Facts and Procedural History
{¶ 5} In March 1996, the Population Council sponsored a new drug application with the Food and Drug Administration (“FDA”) “for the use of [mifepristone] for the medical termination of intrauterine pregnancy through 49 days’ pregnancy.” In evaluating the safety and efficacy of mifepristone (a drug also known as “RU-486” and its trade name “Mifeprex”) for inducing abortions, the FDA relied on clinical trials involving women with gestational durations of 49 days or less who took 600 mg of mifepristone followed in most cases by a dose of 400 |xg of misoprostol two days later. In issuing its September 28, 2000 drug approval letter approving use of mifepristone, the FDA concluded that “adequate information has been presented to approve [mifepristone] for use as recommended in the agreed upon labeling text.”
{¶ 6} Further, in its drug approval letter, the FDA, pursuant to 21 C.F.R. 314.520, imposed an additional restriction that mifepristone “be provided by or under the supervision of a physician who meets the following qualifications:
{¶ 7} “[1.] Ability to assess the duration of the pregnancy accurately.

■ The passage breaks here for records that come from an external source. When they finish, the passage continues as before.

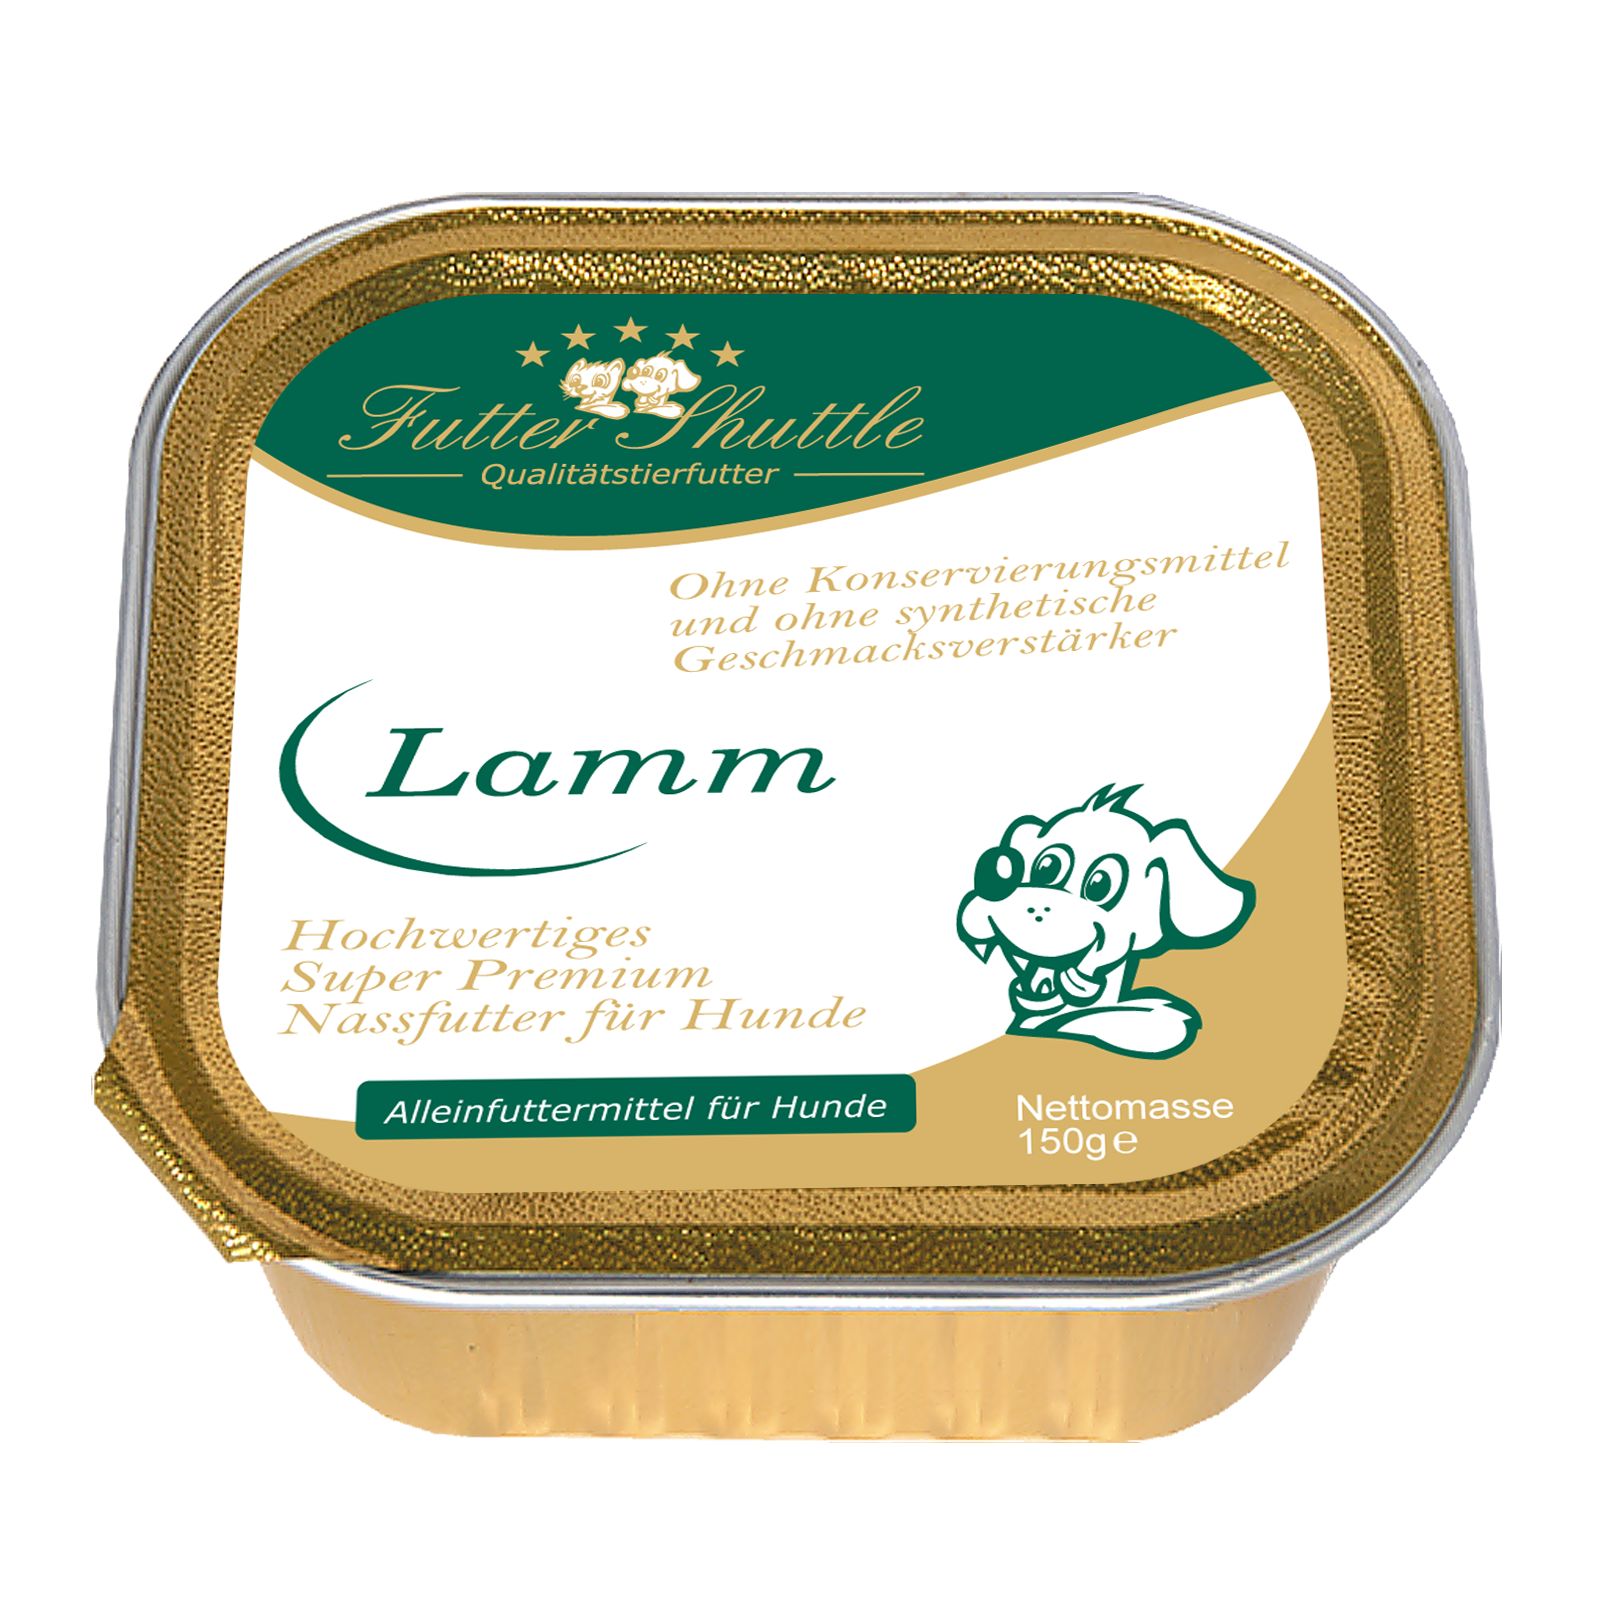 Hochwertiges Nassfutter Lamm für Hunde, in praktischen Portion Schalen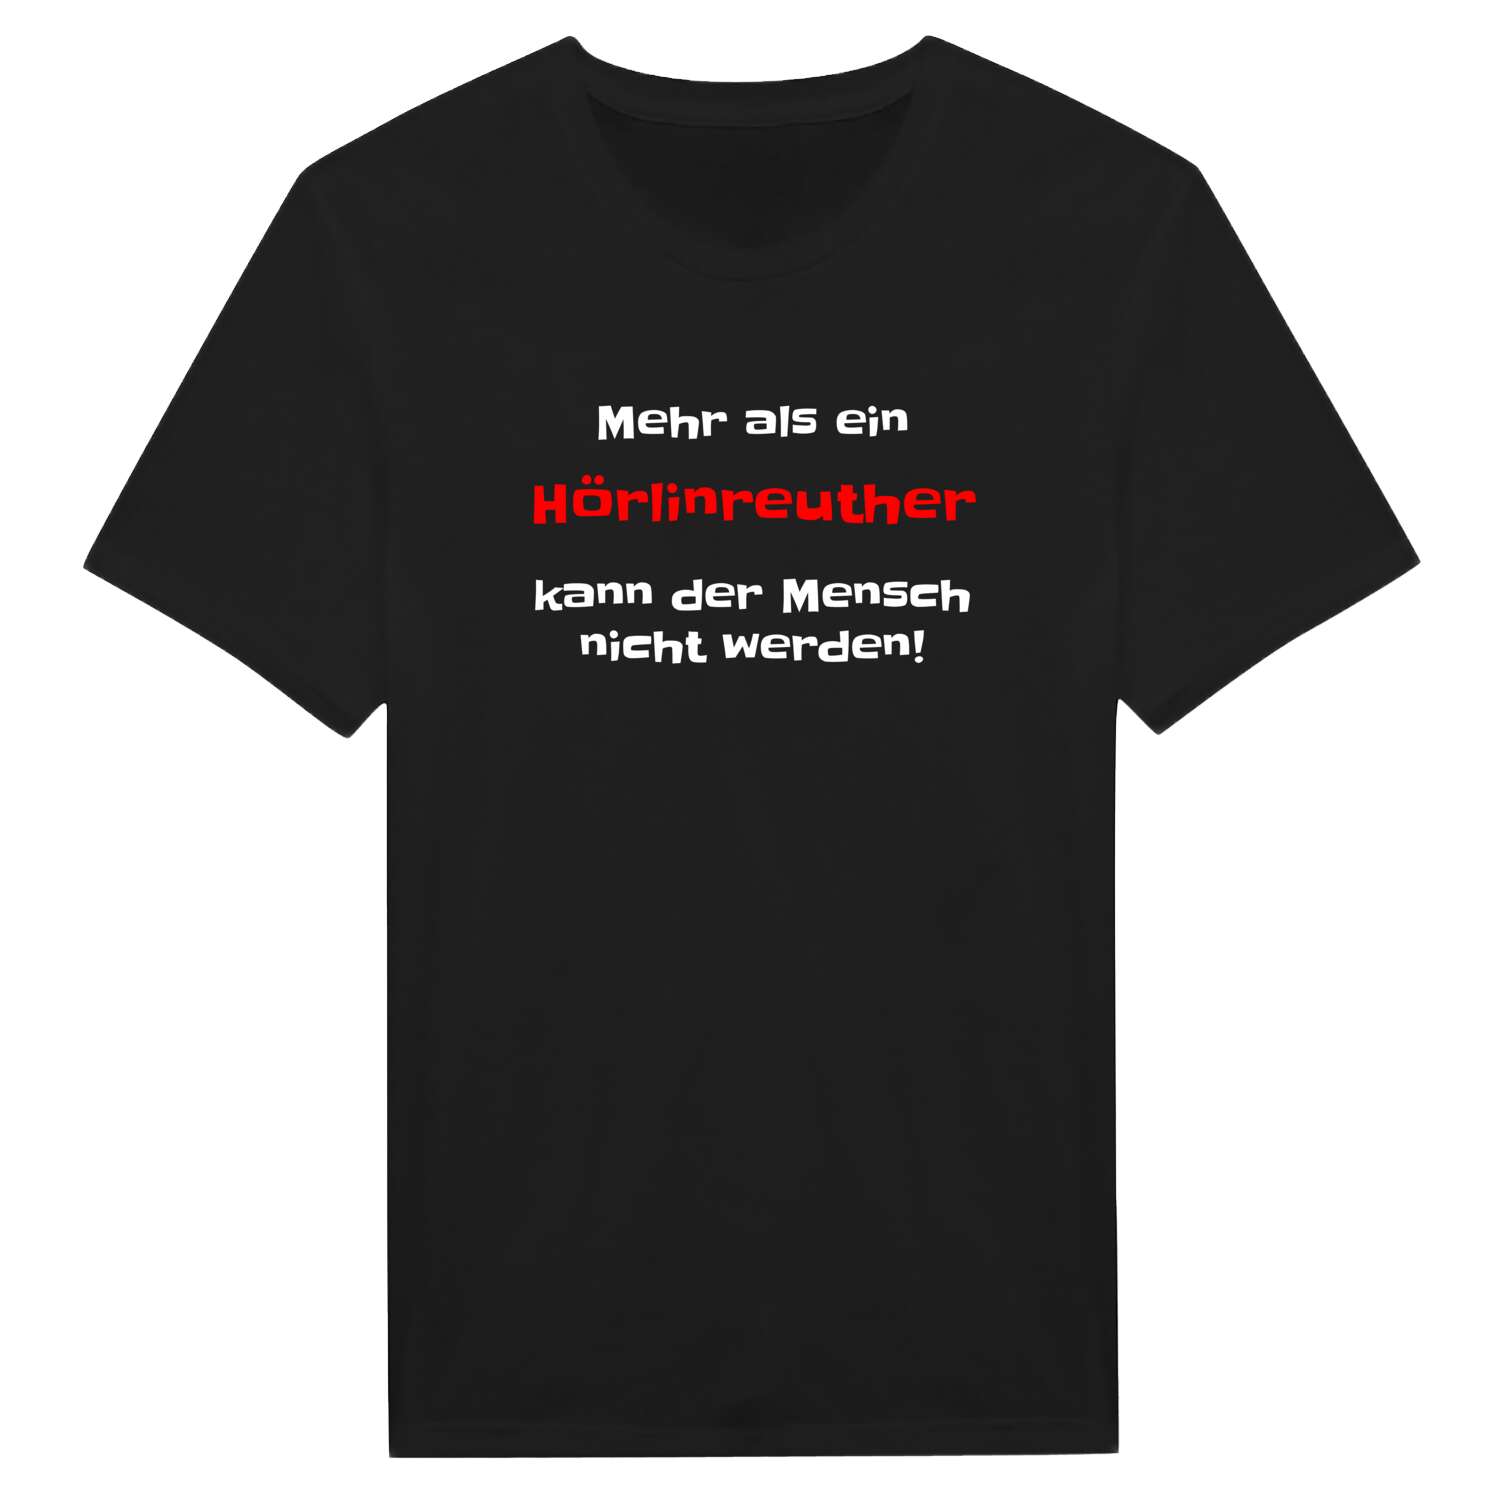 Hörlinreuth T-Shirt »Mehr als ein«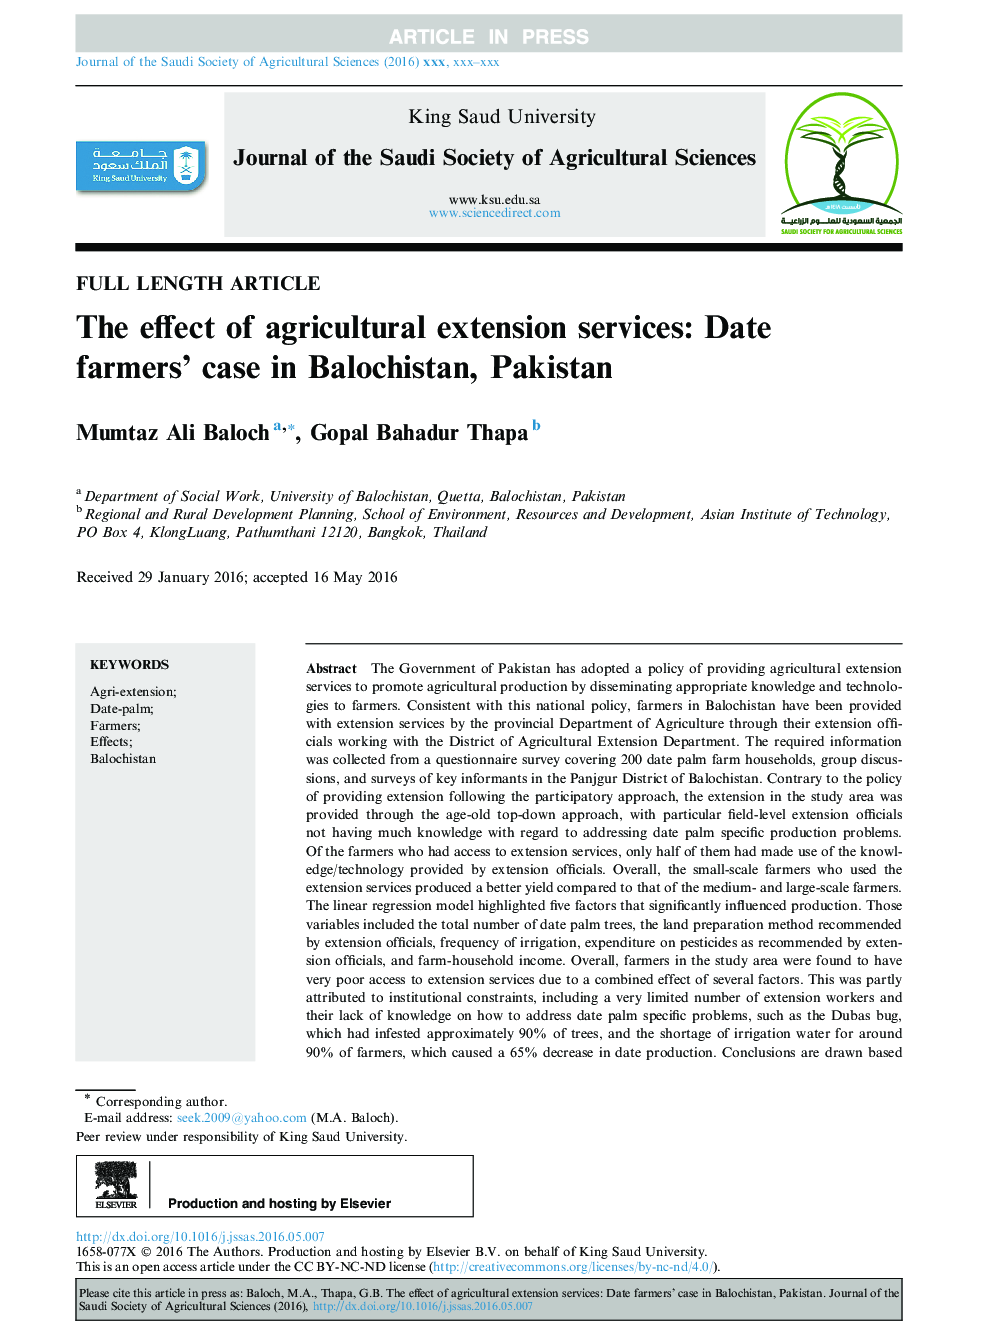 تأثیر خدمات توسعه کشاورزی: ​​تاریخ دادستان کشاورزان در بلوچستان، 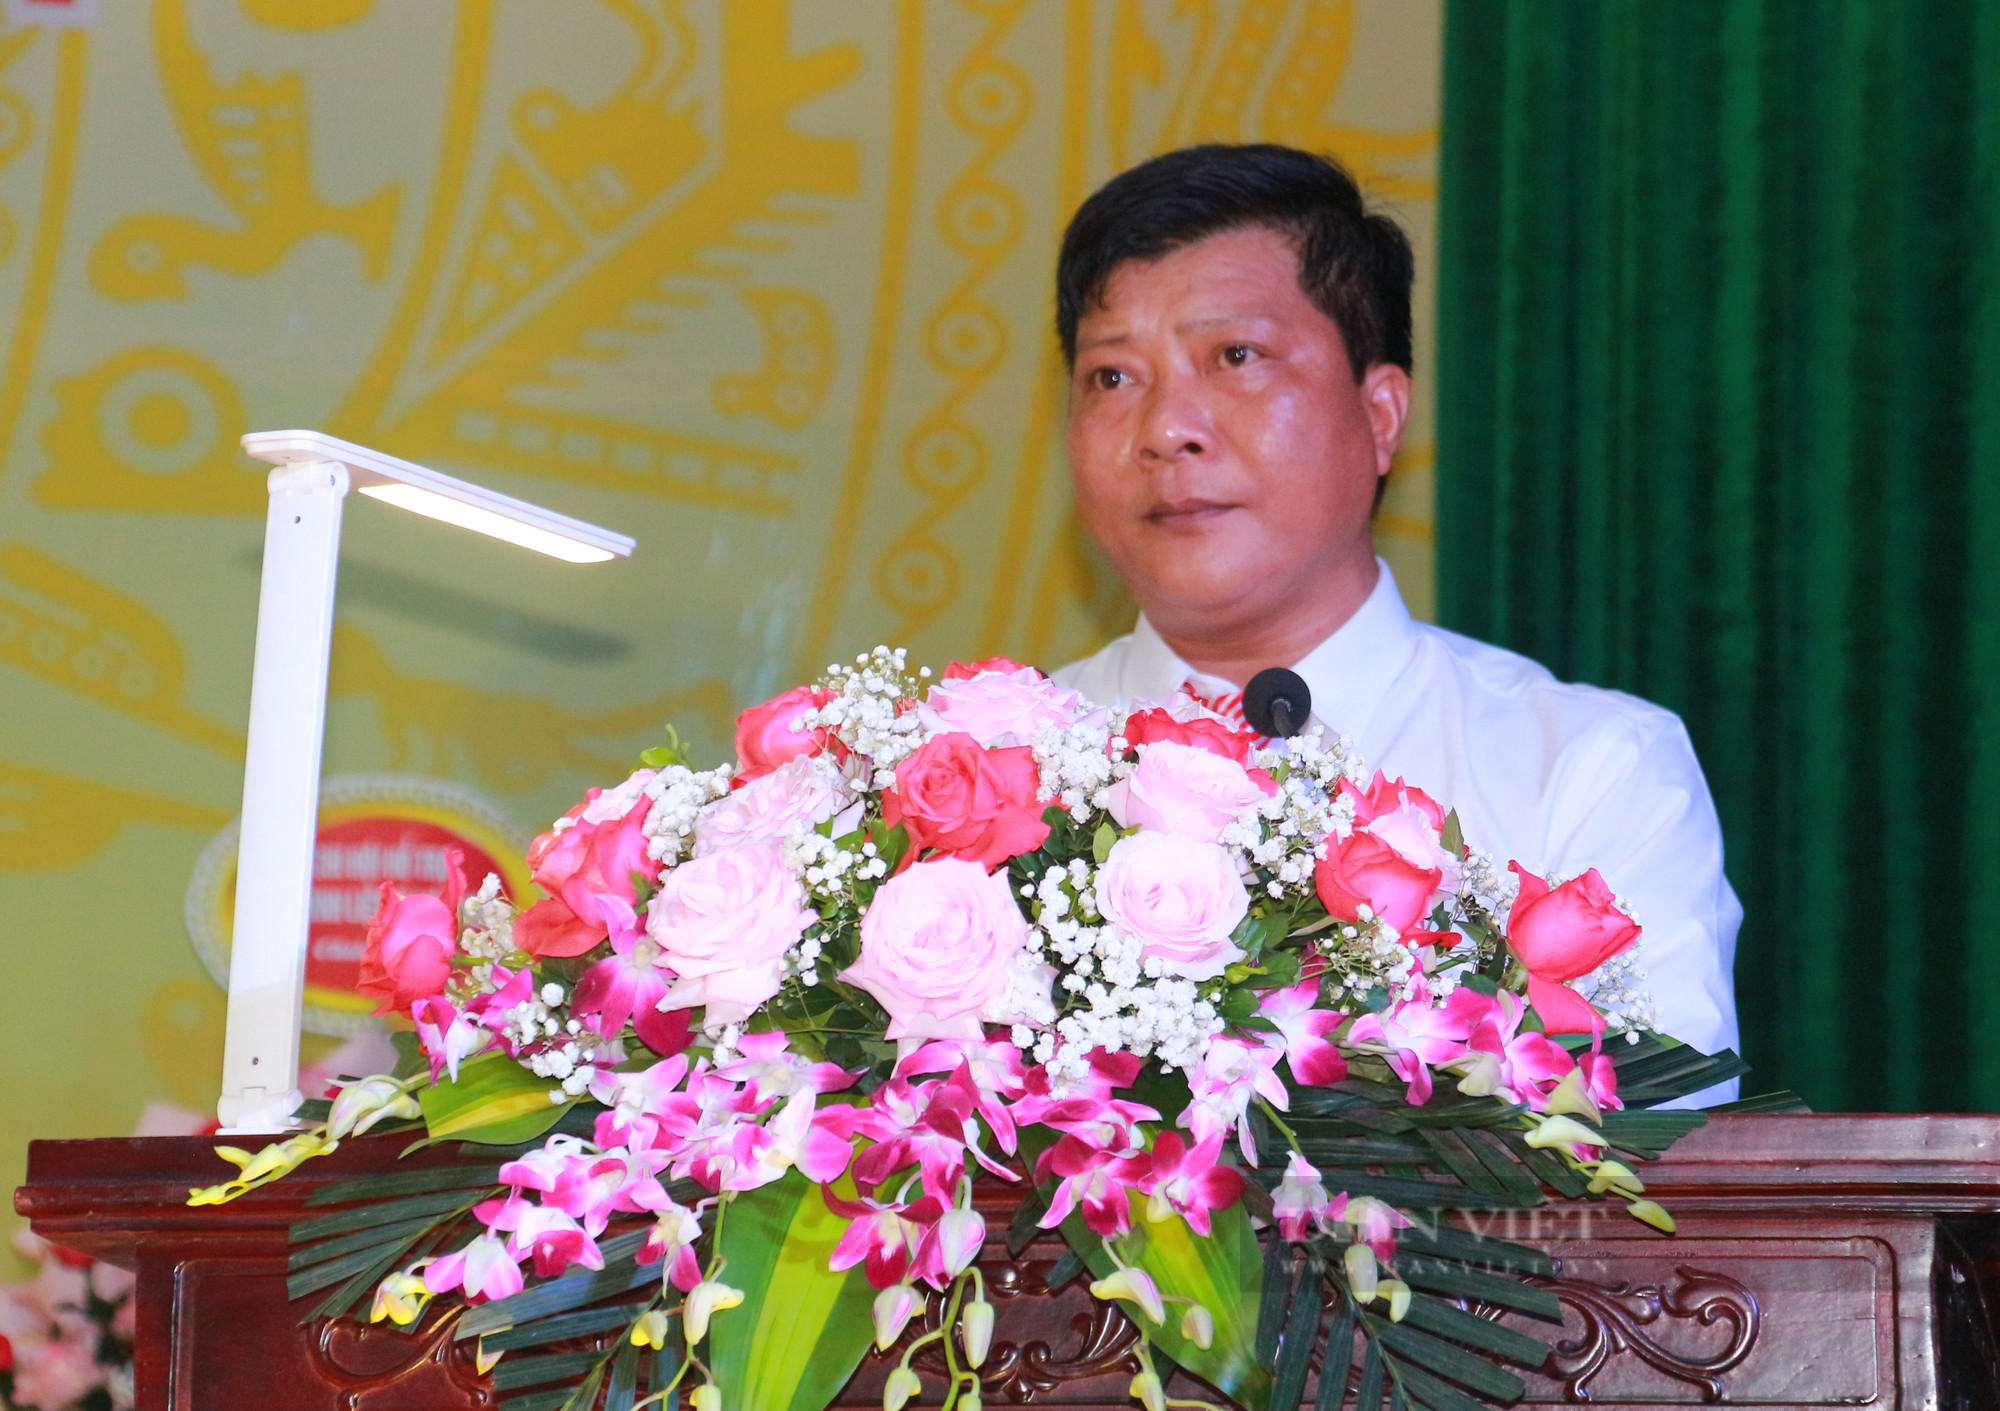 Đại hội Hội Nông dân huyện Giao Thủy, ông Trần Hà Bắc tái đắc cử chức Chủ tịch Hội Nông dân huyện - Ảnh 1.

{¶ 8} “[2.] Ability to diagnose ectopic pregnancies.
{¶ 9} “[3.] Ability to provide surgical intervention in cases of incomplete abortion or severe bleeding, or have made plans to provide such care through other qualified physicians, and are able to assure patient access to medical facilities equipped to provide blood transfusions and resuscitation, if necessary.
[363]*363{¶ 10} “[4.] Has read and understood the prescribing information of [mifepristone].
{¶ 11} “[5.] Must provide each patient with a Medication Guide and must fully explain the procedure to each patient, provide her with a copy of the Medication Guide and Patient Agreement, give her an opportunity to read and discuss both the Medication Guide and the Patient Agreement, obtain her signature on the Patient Agreement and must sign it as well.
{¶ 12} “[6.] Must notify the sponsor or its designate in writing as discussed in the Package Insert under the heading DOSAGE AND ADMINISTRATION in the event of an ongoing pregnancy, which is not terminated subsequent to the conclusion of the treatment procedure.
{¶ 13} “[7.] Must report any hospitalization, transfusion or other serious events to the sponsor or its designate.
{¶ 14} “[8.] Must record the [mifepristone] package serial number in each patient’s record.”
{¶ 15} The FDA labeling text referred to in the drug approval letter states, “Mifepristone is indicated for use in the termination of pregnancy (through 49 days’ pregnancy) and has no other approved indication for use during pregnancy.” (Emphasis added.) It also explains that treatment with mifepristone requires three office visits by the patient. On day one, the patient takes a single oral dose of 600 mg of mifepristone. On day three, the patient returns to the provider for an oral dose of 400 pug of misoprostol, unless the physician confirms that the abortion has already occurred. On day 14, the patient again returns for a follow-up visit to ensure that termination of the pregnancy has occurred.
{¶ 16} The FDA-mandated final printed labeling also includes a “Patient Agreement” that requires the patient to affirm that she “believe[s] [that she is] no more than 49 days (7 weeks) pregnant” and a “Prescriber’s Agreement” by which the physician is to indicate that he has met the qualifications for providing mifepristone imposed by the drug approval letter and to agree to administer the drug consistently with listed guidelines.
{¶ 17} Since issuing the drug approval letter in September 2000, the FDA has revised it and has twice revised the labeling text for mifepristone. However, none of those revisions or any other action of the FDA has altered the 49-day gestational limitation for administration of mifepristone or modified any of the dosage indications or treatment protocols originally approved by the FDA.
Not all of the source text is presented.